Coding the Mandelbrot Set

A mirror of a post written a long time ago in a galaxy far away.

Saturday, January 10, 2015 · 5 min read

I wrote this post a long time ago. I had become obsessed with the Mandelbrot Set after reading Professor Stewart’s Cabinet of Mathematical Curiosities, and had spent the better part of a weekend scouring the Internet for information on how to plot it. That is, information I could understand at that age. Watching the correct Mandelbrot Set appear line-by-line over the course of three hours on my mom’s old Mac was one of the more exhilerating computer-science experiences I have had.

The post first appeared on the Scratch forums on April 20, 2011 along with its accompanying Scratch implementation. In the interests of documentation and preservation, I decided to post a copy of this on my blog. Despite many temptations to change things—grammar, spelling, wording, and even some technical details—the text is identical to that posted on the forums. The purpose of posting this is not to convey the actual content to an audience, but to remind myself of how I sounded in the past and to reflect on how I sound now.

Since I do not, of course, retain a copy of the original BBCode, the text has been reformatted in Markdown. Code is left unchanged, though I was tempted to rewrite scripts using the wonderful Scratchblocks2 renderer (this post predates even the original Scratchblocks). I have also made an effort to convert the equations contained herein to MathJax/LaTeX-worthy formats to facilitate reading. This is, of course a tradeoff: I lose the original formatting of the equations (which was delightful in itself) and make the text significantly less legible in its Markdown source. I hope I have made the right decision here. The original equations can always be viewed at the archive linked above.

This is a guide on plotting the Mandelbrot Set. It’s divided into 3 parts: What is the Mandelbrot Set?, Understanding the Algorithm, and Programming the algorithm. Here is a project on plotting it, if you don’t get it.

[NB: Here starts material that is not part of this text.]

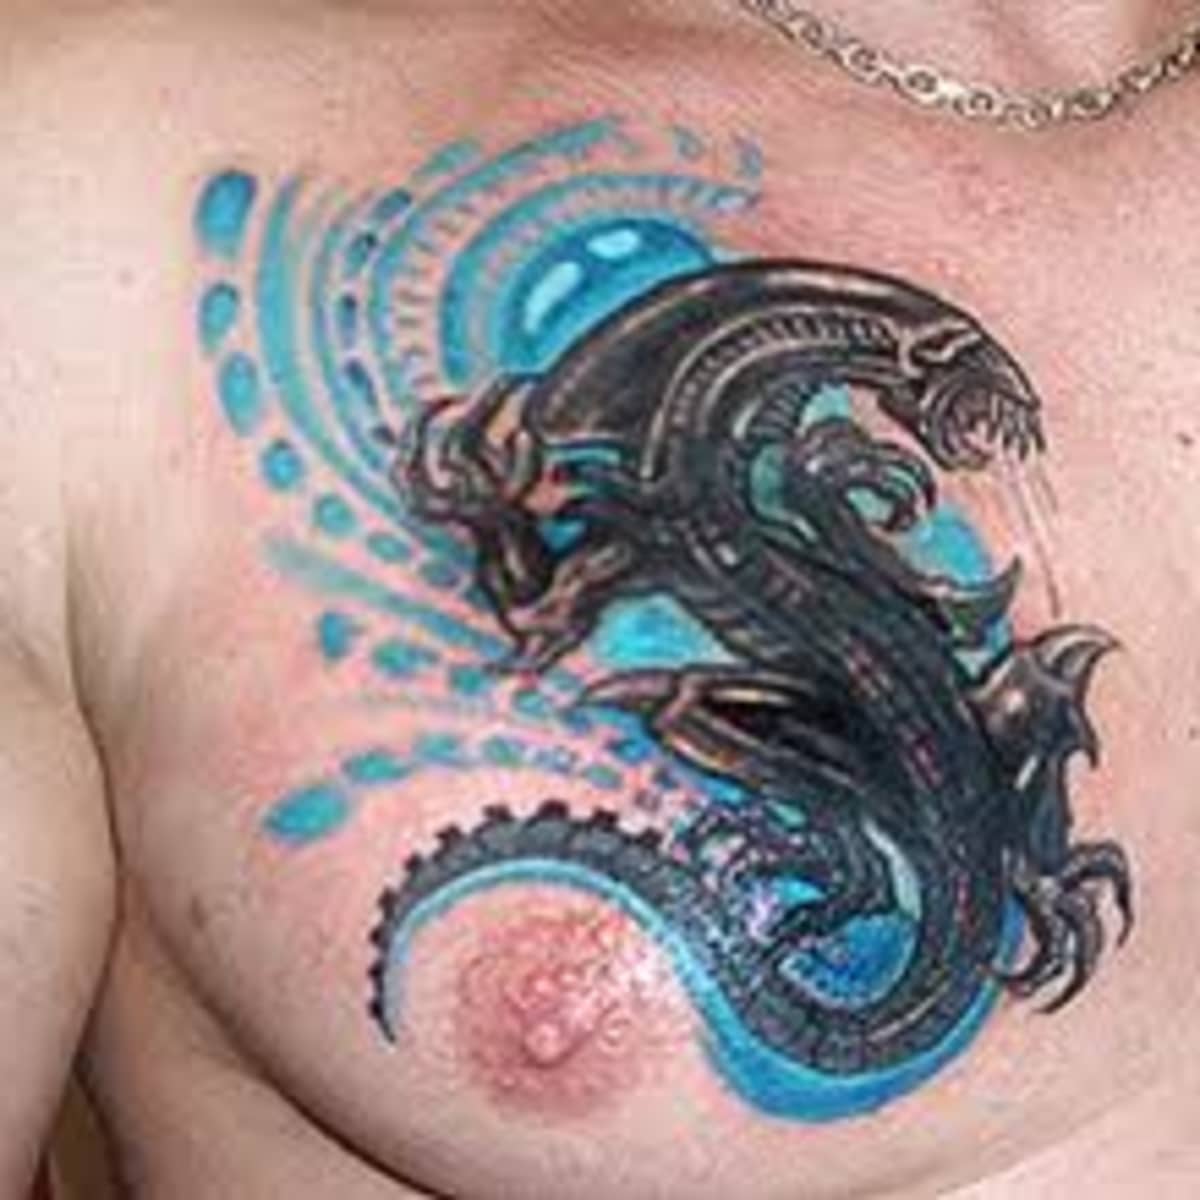 Alien Small Hand Tattoo | Alien tattoo, Small hand tattoos, Pattern tattoo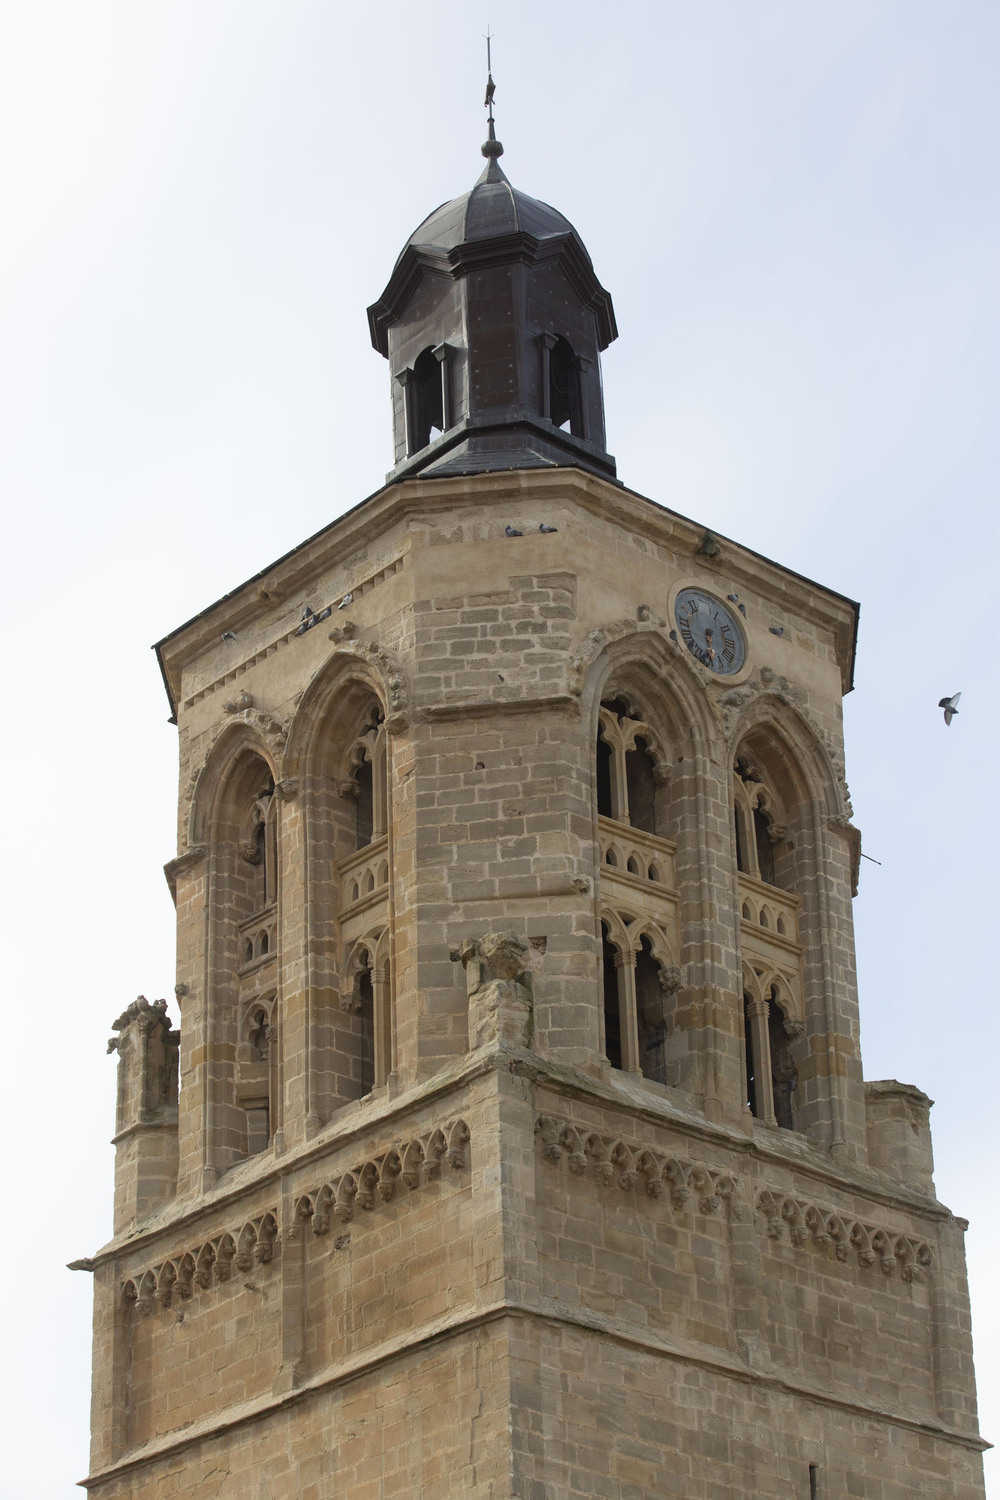 Diferentes vistas y detalles de la iglesia de la Virgen de la Asunción de Alcocer.

What is the Mandelbrot Set?

The Mandelbrot Set (M-Set in short) is a fractal. It is plotted on the complex plane. It is an example of how intricate patterns can be formed from a simple math equation. It is entirely self-similar. Within the fractal, there are mini-Mandelbrot Sets, which have their own M-Sets, which have their own M-Sets, which have their own M-sets, etc.

Though most representations of the M-Set have color, only the black bit is part of the set. The color is to basically show how long it took to prove that that point wasn’t in the set. However, these form cool patterns, too.

Here are some pictures:

Only the set:

Only the set

With color:

With color

Understanding the Algorithm

The M-Set is generated using the algorithm:

\[ Z_{n+1}=z_{n}^2 + C \]

Here, both $ Z $ and $ C $ are complex numbers. What are complex numbers? They’re, put simply, square roots of negative numbers. Since negative numbers can’t have square roots, we created ‘complex’ or ‘imaginary’ numbers to deal with it. ‘$ i $’ (pronounced iota) is the symbol for $ \sqrt{-1} $. Complex numbers are expressed as multiples of $ i $, like $ 3i $. They are graphed on a number line perpendicular to the number line we all know. The resultant plane is called the complex plane, and is where we will graph the Mandelbrot Set.

The complex plane:

-1  0 +1

Complex numbers are defined as the sum of a real number and an imaginary number. Examples are $ 3i + 1 $ or $ 4i - 2 $.

In this expression, C is the complex number for which you are testing whether or not it’s in the M-Set (it will define a single point on the complex plane — C is a real number plus an imaginary one, remember?). Here’s how you use it: You set Z to 0. Then set $ Z $ to $ Z^2 + C $. We call this action iteration. For example, if C was 3 (I’m using a real number for simplicity), $ z $ would be:

\[ 0 \] \[ 0^2 + 3 = 3 \] \[ 3^2 + 3 = 12 \] \[ 12^2 + 3 = 147 \]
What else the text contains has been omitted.